Segment Start: MATERIAL FOR THIS EXERCISE

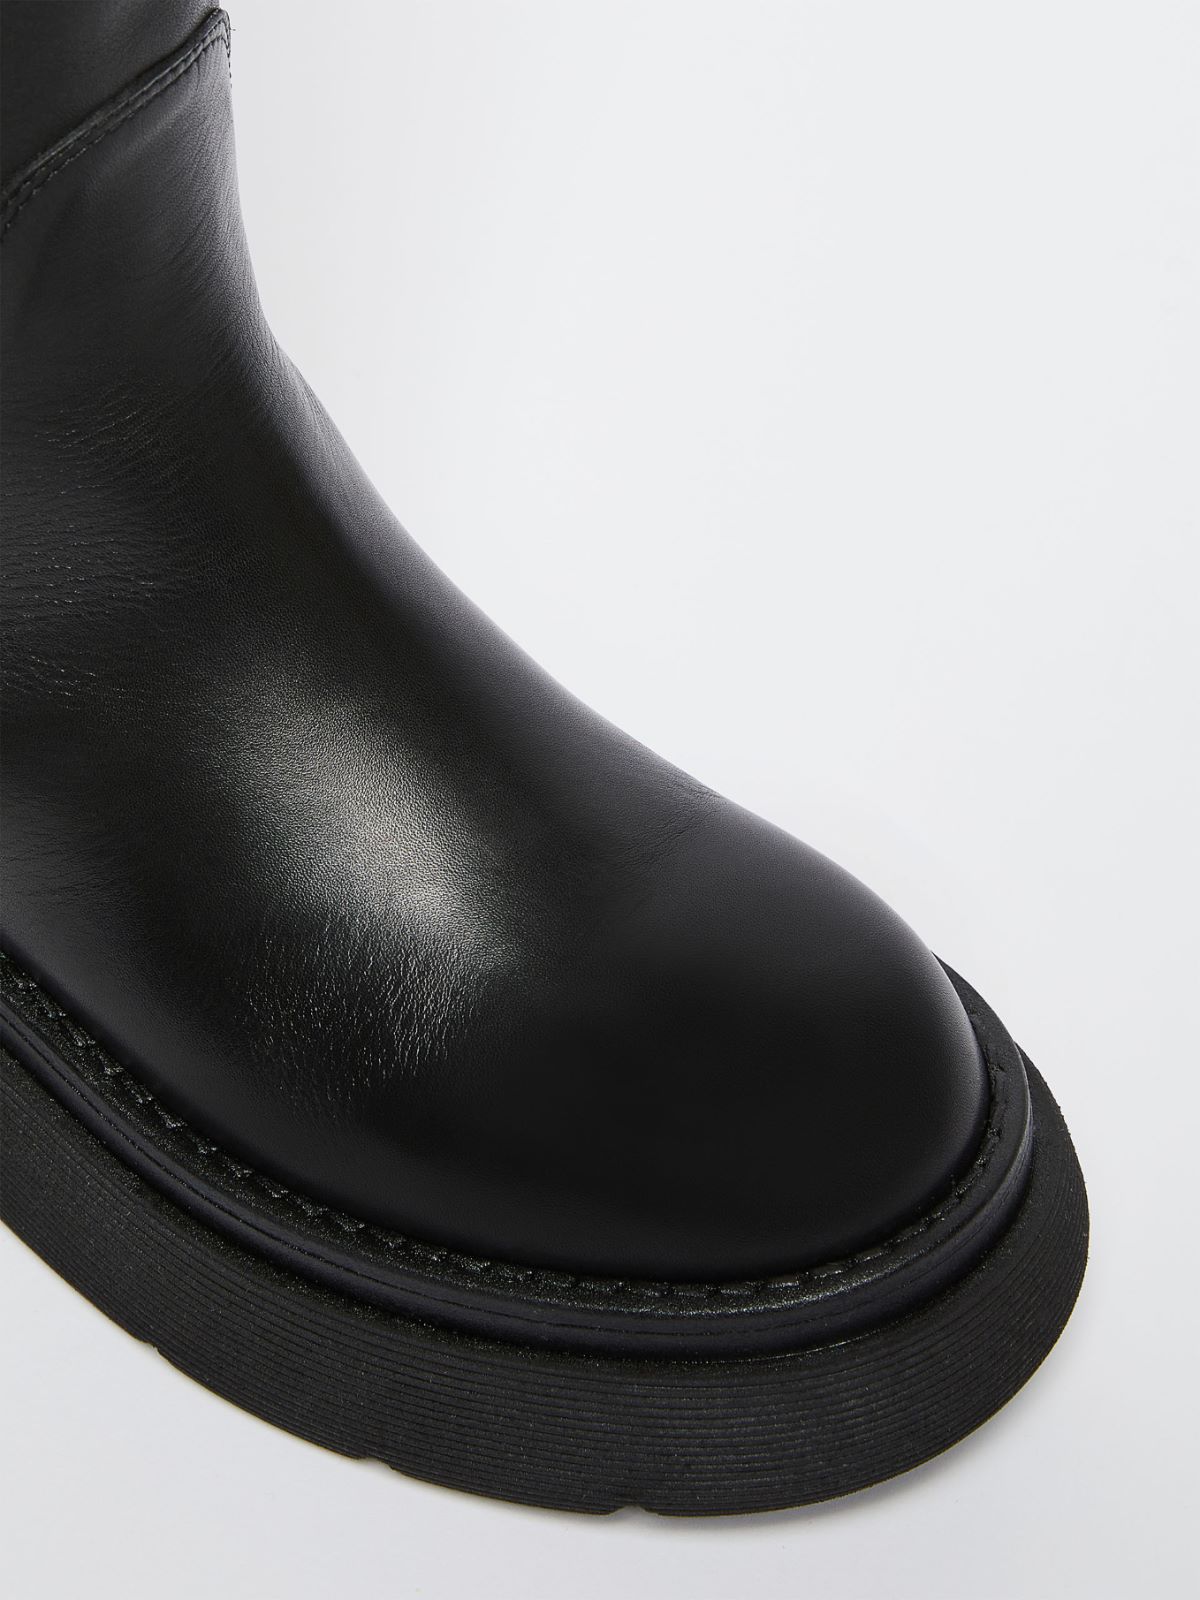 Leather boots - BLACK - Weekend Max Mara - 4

Segment End: MATERIAL FOR THIS EXERCISE
Segment Start: MATERIAL FOR THIS EXERCISE

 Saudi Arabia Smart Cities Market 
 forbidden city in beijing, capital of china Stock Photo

Segment End: MATERIAL FOR THIS EXERCISE

(TASK) The required answer is the run of lines above, starting at the line with "Saudi Arabia Smart Cities Market" and ending at the line with "forbidden city in", reproduced exactly with both ends.

(ANSWER SPACE)
 Saudi Arabia Smart Cities Market 
 forbidden city in beijing, capital of china Stock Photo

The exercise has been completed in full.